Google SketchUp image
Exercise: Drawing the Dolls House
It's not much of a leap from drawing boxes to drawing houses, as most architecture uses the box as it's primary design module. In class we'll project light on the dolls house in the same way as with the cardboard boxes so that if you have or want to take the time, you can do some shading on the drawing with crayon or with wash.

Above is a quick snap of the point of view of the dolls house from which I developed the drawing/sketch below.
Below are two stages of my drawing of the house. Notice how I imagined the whole house within a larger cube or box from which I 'chopped' and 'chiselled' the house. An alternative, way of constructing the drawing might be assembling the component cubes of the house and then carving them down, as with drawing the cars in the next exercise. For example, you draw the cube for base. You draw the cube for the main body of the house. You draw a cube to represent the overbearing roof. Then you chisel it down and add superstructure. If you have ever used the free 3D modelling program Google Sketch Up you will know that you construct your objects very similarly to the modular type of drawing that we are exploring.

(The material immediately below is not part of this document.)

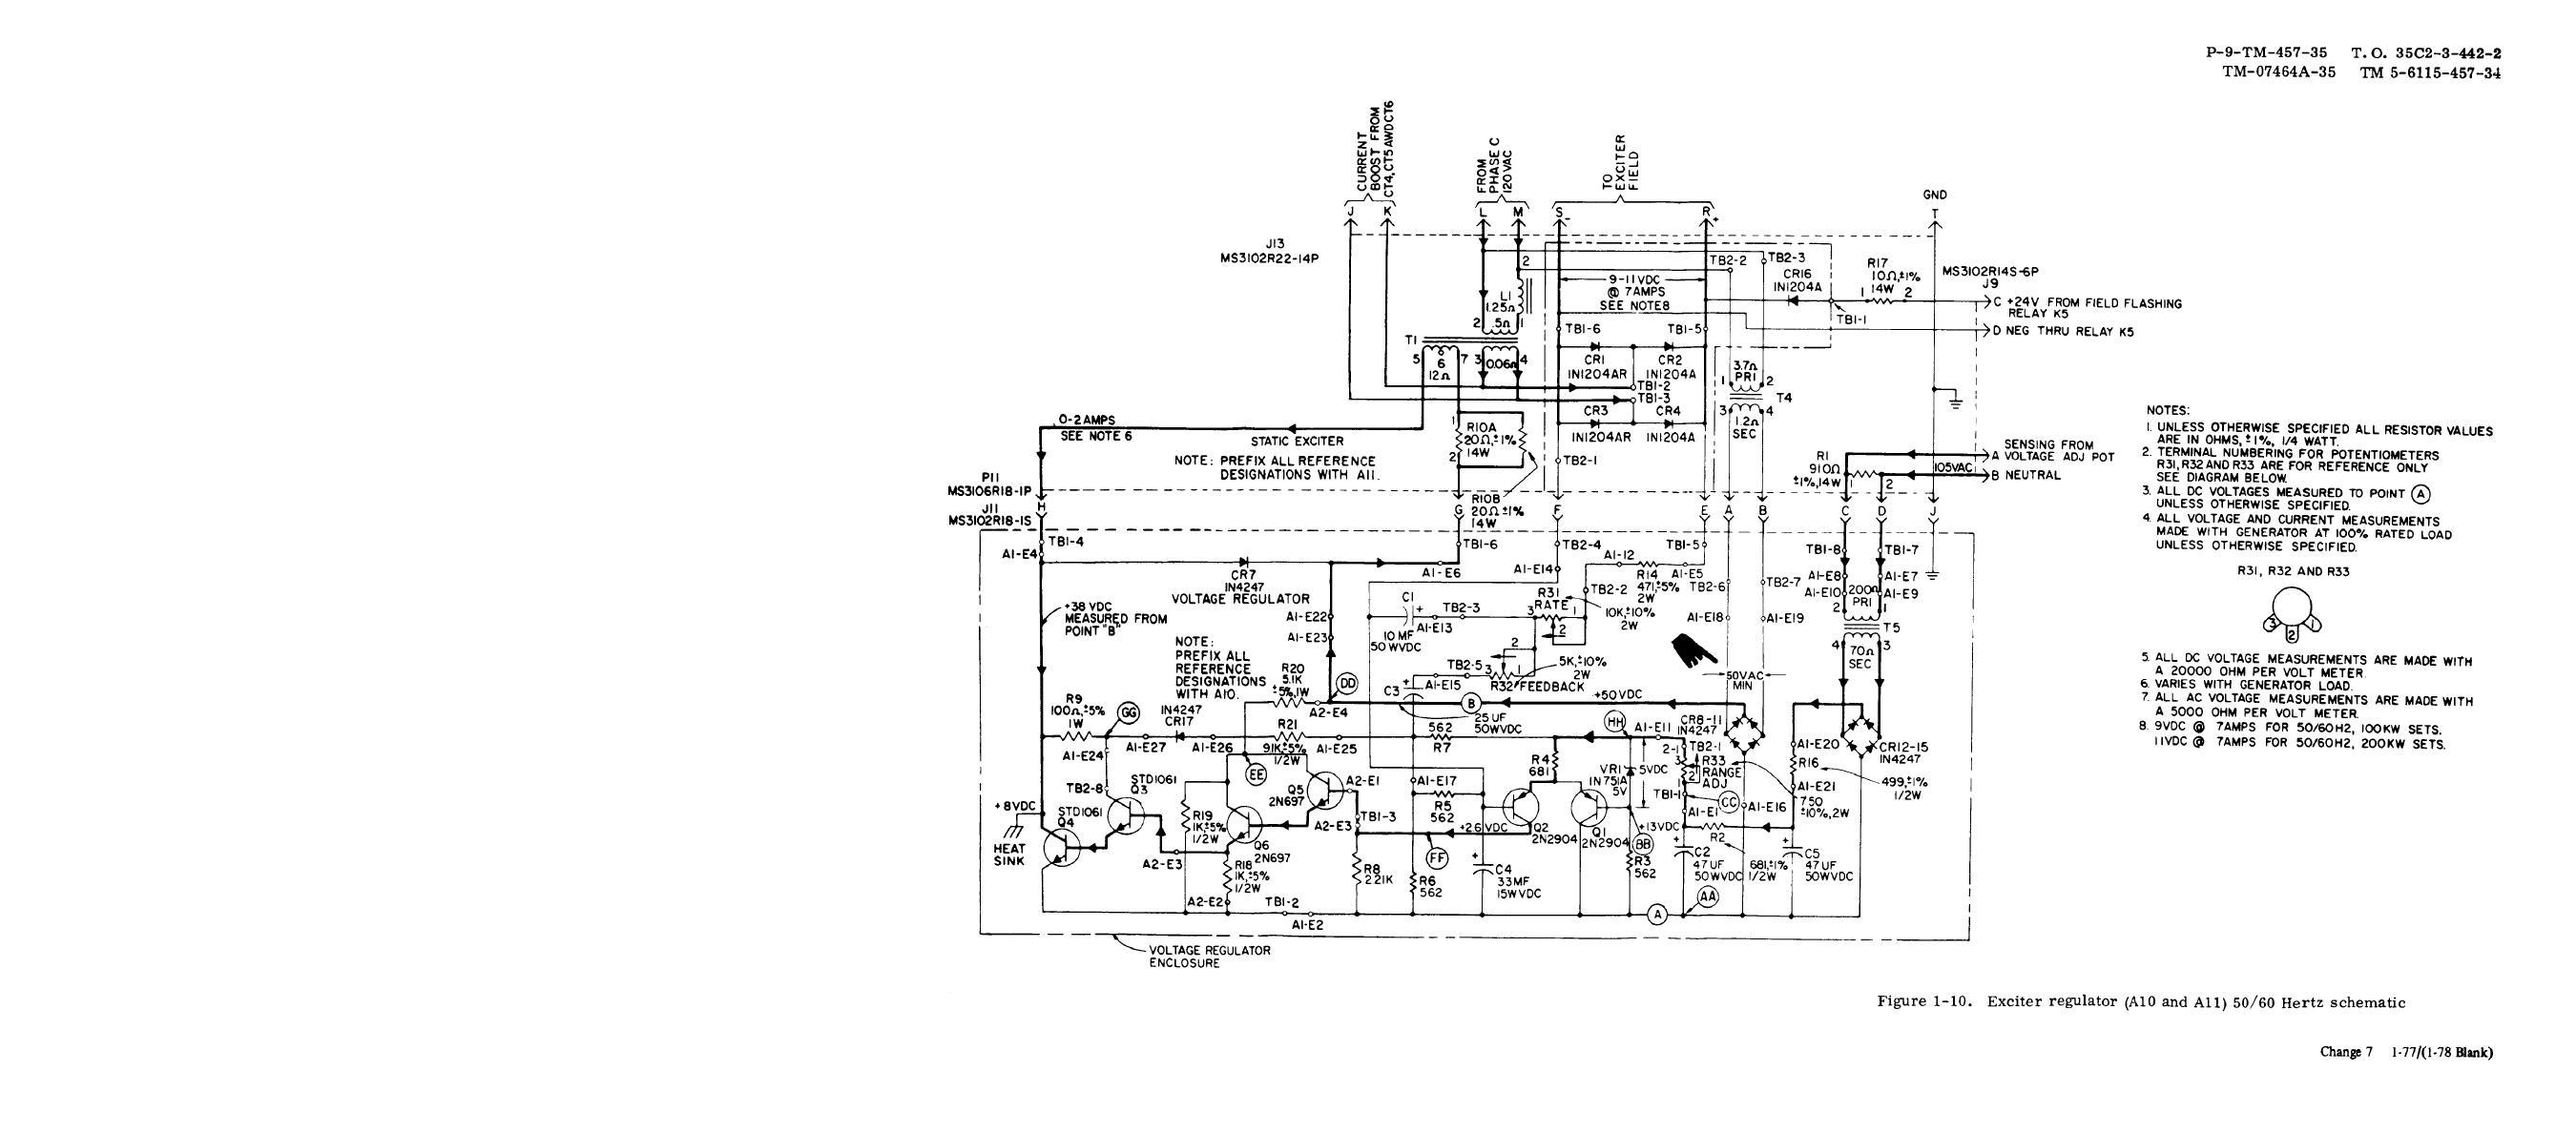 Figure 1 10 Exciter Regulator A10 And A11 50 60 Hertz

Be aware that these very rough drawings with all their evidence of construction lines are just that: rough drawings. If you want to have a 'clean' drawing, for example to ink for a comic or to use as a base for a painting, you will need to redraw it using a light table. Commercial illustrators, fine artists, and animators used light tables to project light through the rough drawing so that it would appear through a clean sheet of paper upon which they would trace and redraw their rough cleanly and correctly. Nowadays, with tablets and computer programs that accomodate drawing, you can do your clean drawing on a layer on top of the rough. Then you can digitally paint on a layer on top of that, and flip layers as you wish. Digital or traditional, the process of cleaning a rough drawing is really the same.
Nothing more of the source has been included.